Historic house in Indiana, United States

The George Brown Mansion is an example of the Queen Anne's Style of architecture. It was a dominant style during the 1880s and 1890s, the time when Chesterton was a growing city in northern Indiana. George Brown arrived in the United States in 1852. In 1855, he married Charity Carter, daughter of a local family.
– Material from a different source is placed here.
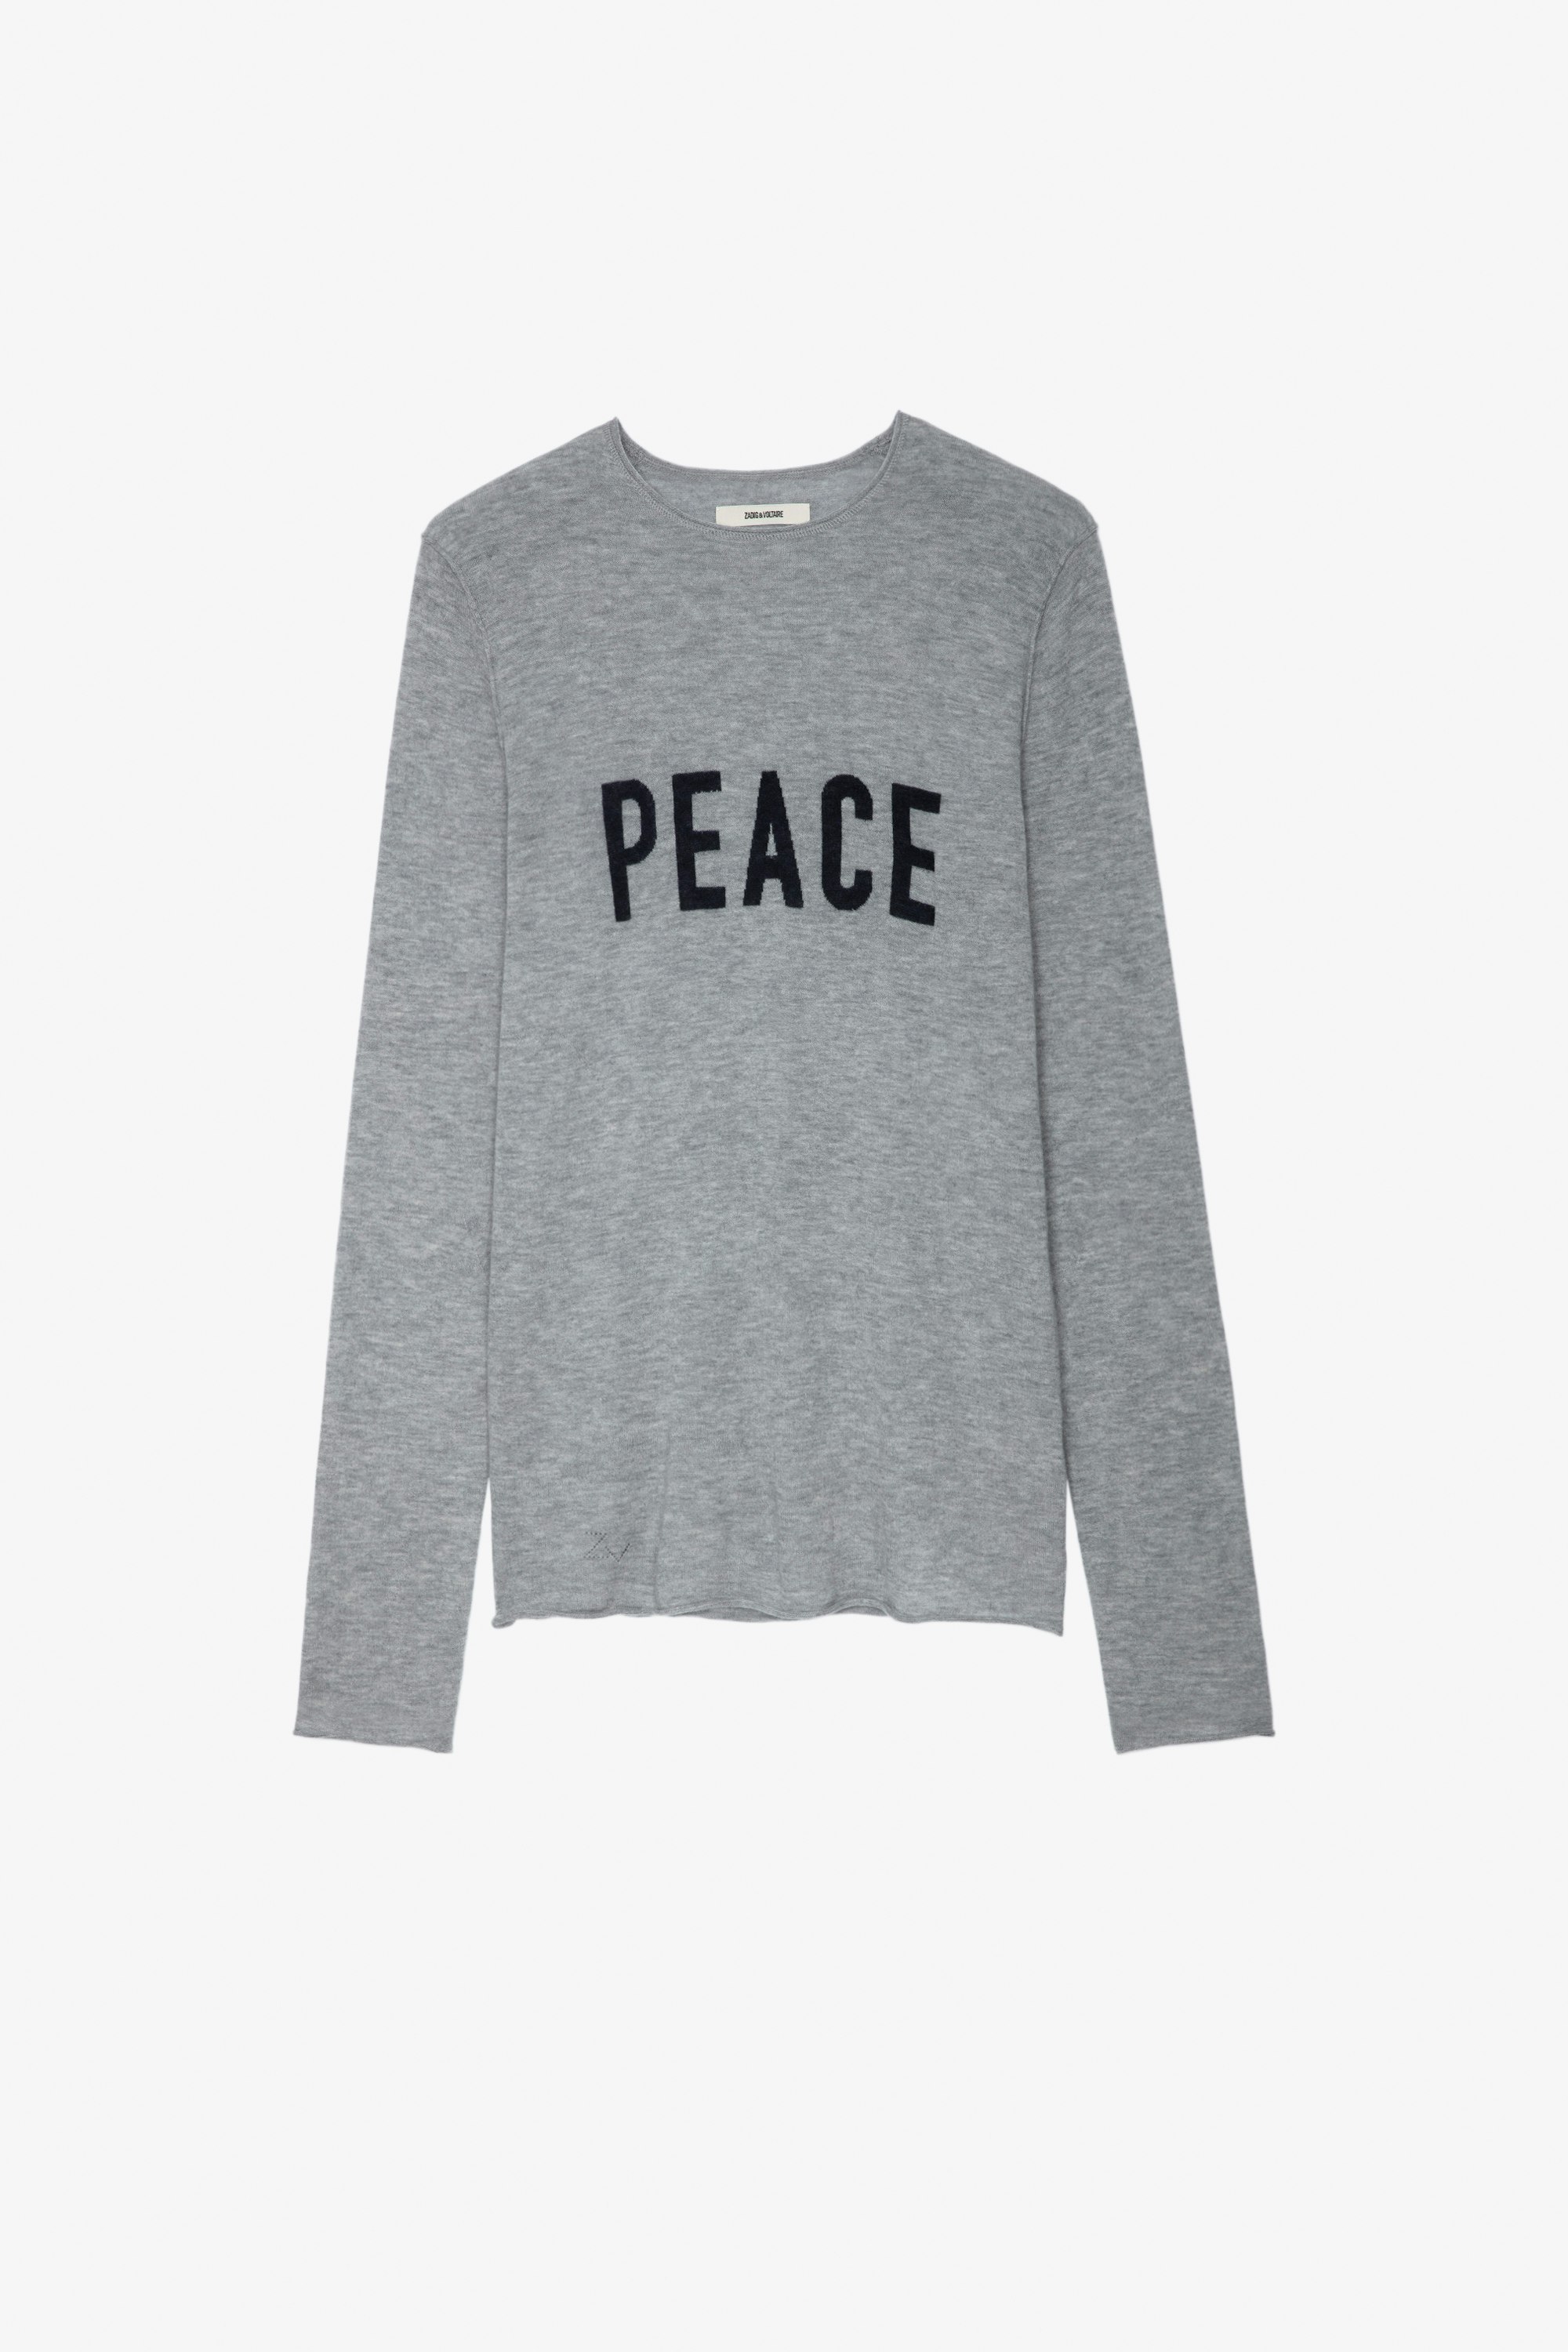 Teiss Pullover Men's grey marl cashmere pullover with round neckline, long sleeves and "Peace" slogan

He became a successful farmer in the township. The farm was located on what is 950 North, west of 400 East. By the year 1882 he was operating a farm of 900 acre. He had expanded into supplying cordwood to the Porter brickyards after 1870. George and Charity had ten children. In 1884 George Brown bought 120 acre in the town of Chesterton from the John Thomas family. His plans called for a retirement home on this site. He engaged Chicago architect Cicero Hine to design the house. In 1891 the family sold all but 10 acre. It was the same year, that he built a brick store downtown at Calumet and Broadway. During the 1902 fire, it was the only store to survive. Charity Brown died in 1895 at 56. George died in 1899 at the age of 71. After a probate fight, his son John Franklin (Frank) moved into the house with his family.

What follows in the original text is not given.